В моих видах на будущее ничего особенного. Все как обычно: больше читать, меньше смотреть телевизор, лучше работать, проводить больше времени с близкими, правильно питаться, меньше пить, быть счастливой. А Марк вдруг выпаливает, что хочет сосредоточиться на работе.
Марк работает в банковской сфере. Да, знаю: фу, гадость. Могу сказать лишь одно: он не мерзавец. Уж поверьте на слово. Он не из тех итонских [7] снобов, что пьют только с членами своего клуба и не мыслят жизни без игры в поло. Он славный парень из Йоркшира. Ну да, его отец не шахтер. Мистер Робертс, теперь уже удалившийся от дел, трудился в качестве консультанта пенсионного фонда «Пруденшиал» в Ист-Райдинге.
Марк быстро продвинулся по карьерной лестнице, сдал экзамены, стал трейдером и специализировался на государственном долге; его переманили, повысили, а затем случилось то, что случилось. Крах.
В финансовой индустрии наступил кризис. Все, кто понял, в чем дело, пришли в ужас с самого первого дня. Они видели, как разжимается пружина, что ждет их впереди. В принципе, Марку ничто не грозило. На его работе спад не отразился, поскольку он специализировался именно на том, в чем всем требуется помощь во время кризиса, – на долгах. Правда, премии упали. Нет-нет, мы не перешли на хлеб и воду, пугало только то, что потеряли работу многие друзья Марка. Страшно было видеть взрослых людей в таком отчаянии: их дети учились в частных школах, и они больше не могли себе позволить выплачивать ипотеку.

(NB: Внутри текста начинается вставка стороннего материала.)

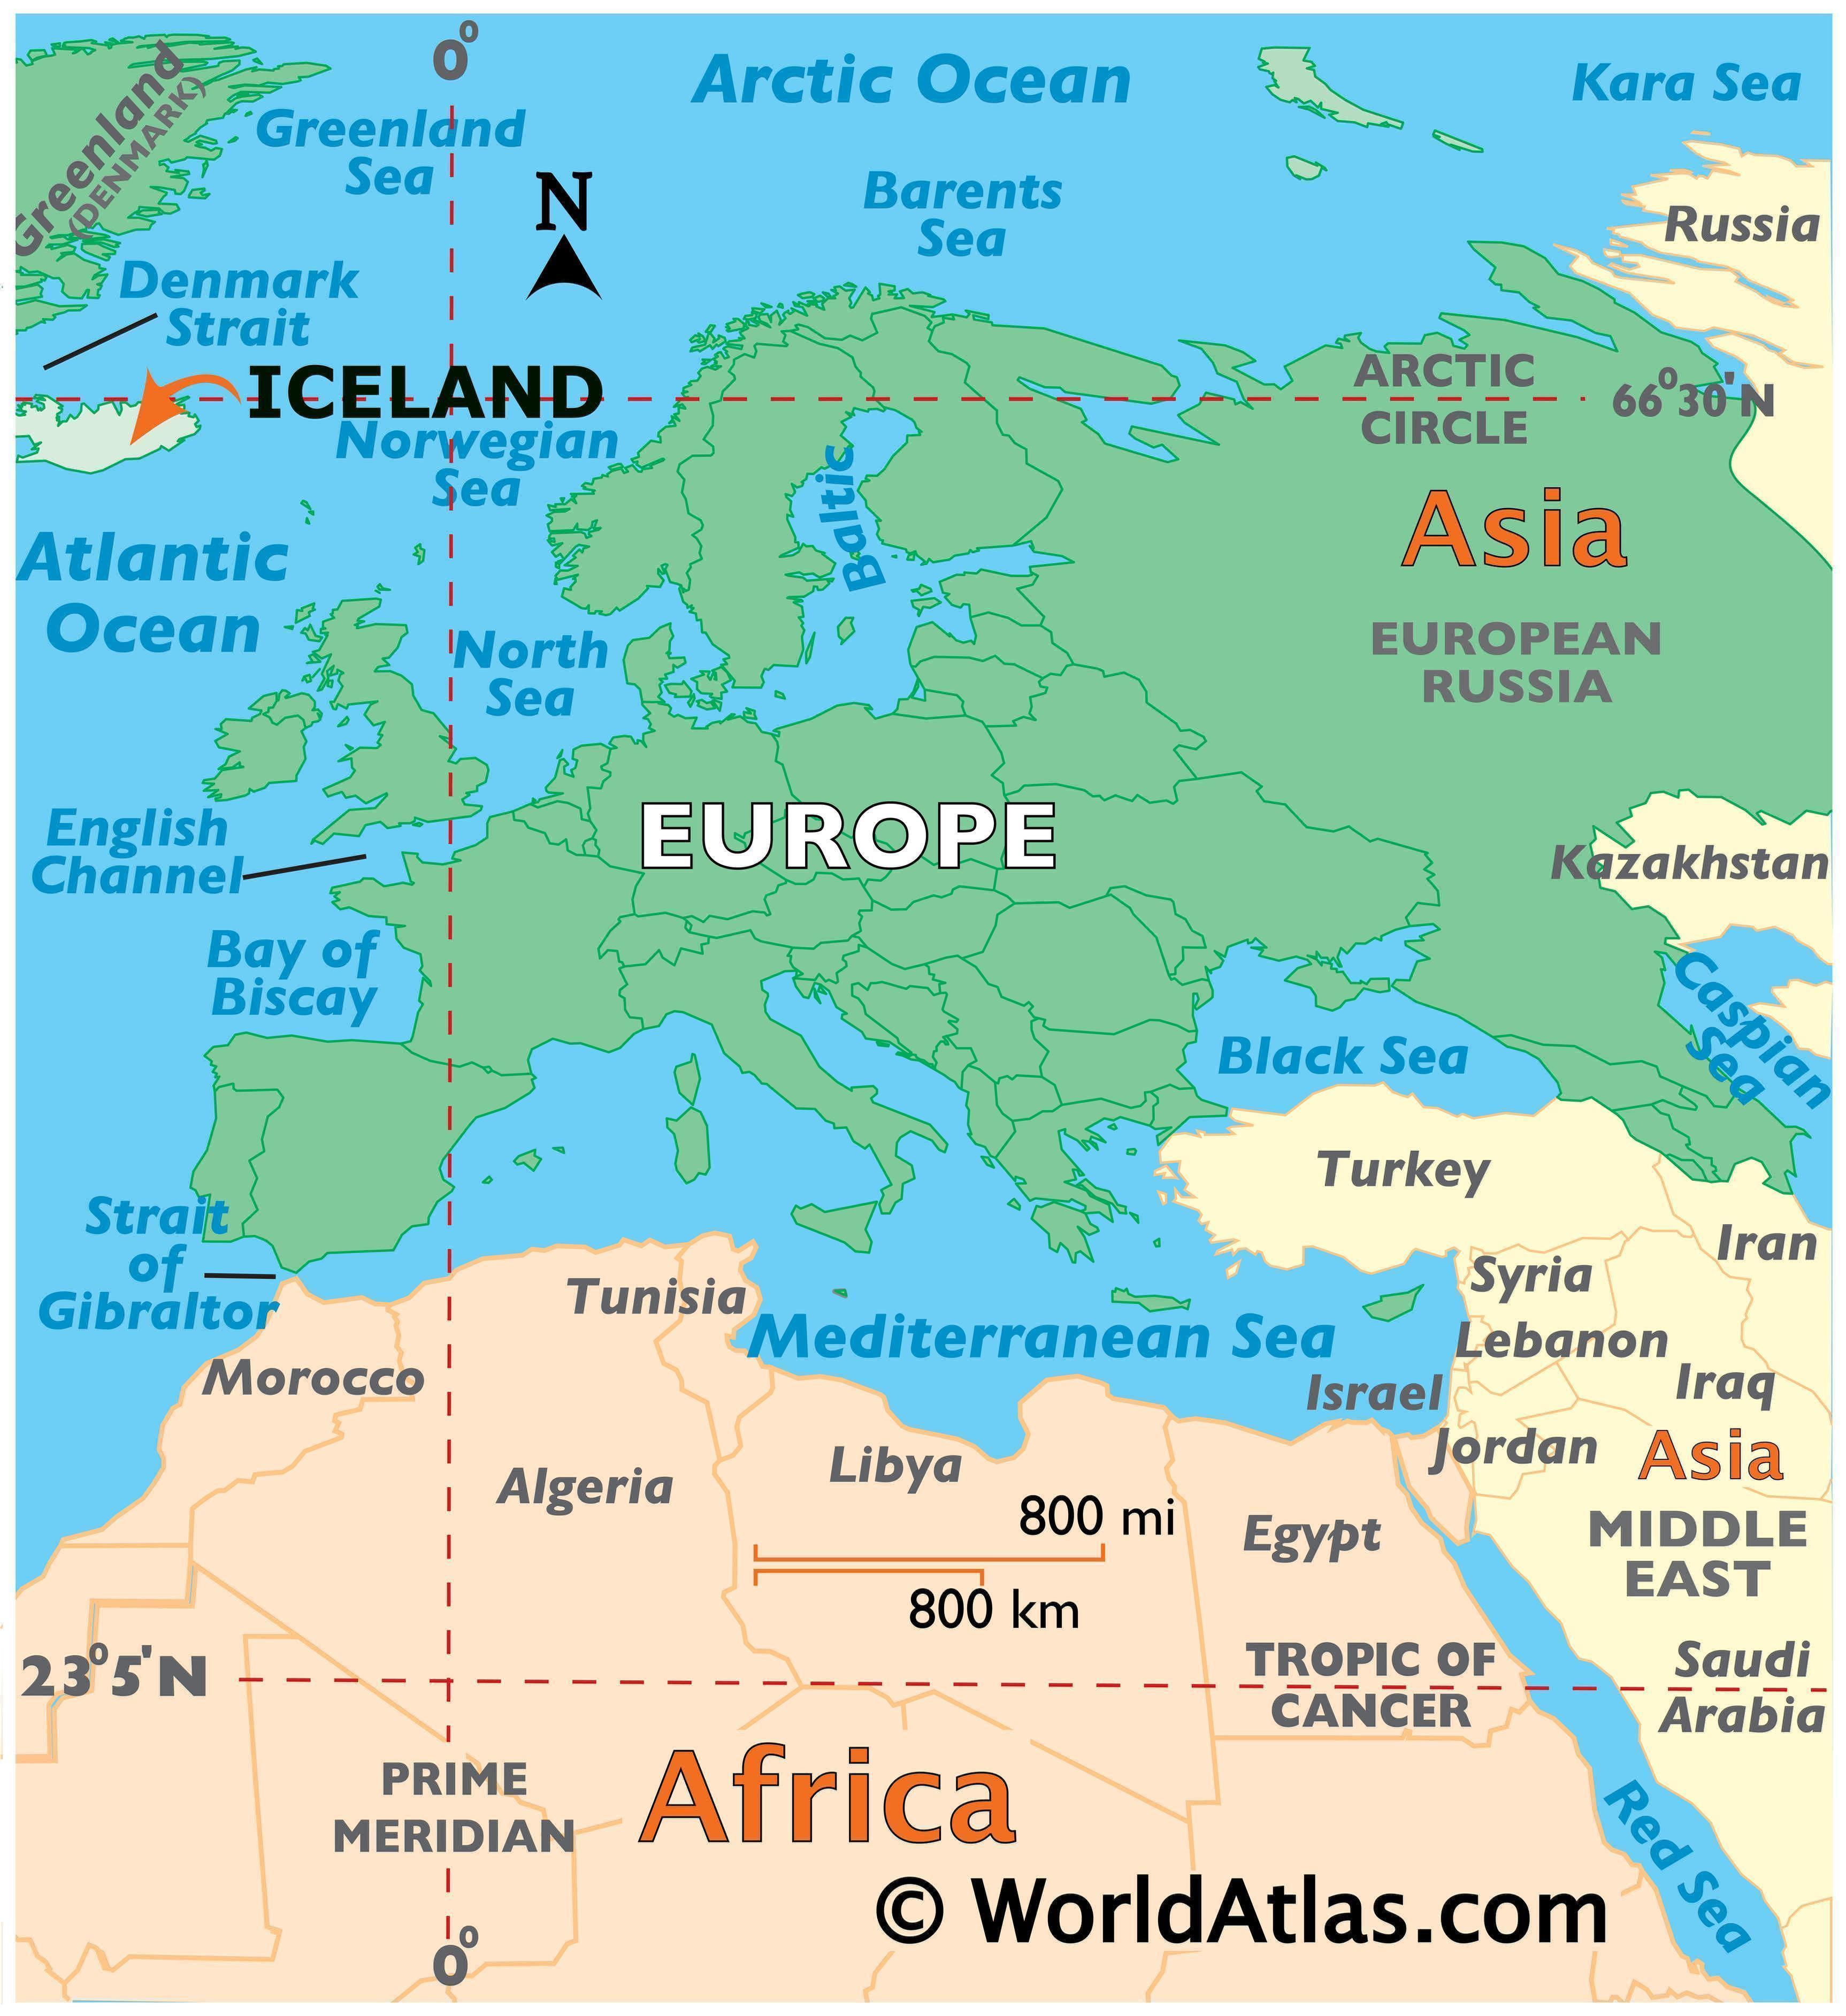 Iceland Map Geography Of Iceland Map Of Iceland Worldatlas Com

Их жены бросали работу, как только появлялись дети. Никто из них не побеспокоился о запасном аэродроме. Люди приходили к нам на обед и плакали. Уходя, они рассыпались в извинениях, бодро улыбались и обещали вновь увидеться с нами, как только вернутся в родные города и наладят свою жизнь. От многих из них мы больше никогда не получали вестей. Только слышали, что кто-то вернулся в Беркшир к родителям, кто-то уехал в Австралию, кто-то развелся.
Марк сменил банк; в старом уволили всех его коллег, в итоге ему пришлось работать за пятерых, и он решил попробовать себя в другом месте.
Новый банк мне не понравился – с ним что-то не так. Те, кто там работает, умудряются выглядеть одновременно толстыми и жилистыми. Новые коллеги Марка не поддерживают форму и курят. Против курения я ничего особенно не имею, только они делают это с каким-то нервным отчаянием. От них несет желчью и разбитыми мечтами. За кружкой пива они презрительно поливают грязью своих жен и детей, не стесняясь моего присутствия. Можно подумать, если бы не эти женщины, они бы сейчас загорали где-нибудь на пляже.
Марк не такой. Он следит за собой, бегает, плавает, играет в теннис, ведет здоровый образ жизни. А теперь ему приходится сидеть по одиннадцать часов в день в одном помещении с подобными людьми. Он, конечно, сильный, но его это выматывает. И вот в наш самый главный день, в годовщину, он заявляет, что хочет «сосредоточиться на работе».
Значит, я буду видеть его еще меньше. Он и так слишком много трудится. Каждый день встает в шесть утра, в половине седьмого выходит из дому, обедает на работе и возвращается в половине седьмого вечера, совершенно изможденный. Мы ужинаем и разговариваем, иногда смотрим фильм, а в десять он вырубается, чтобы утром начать все заново.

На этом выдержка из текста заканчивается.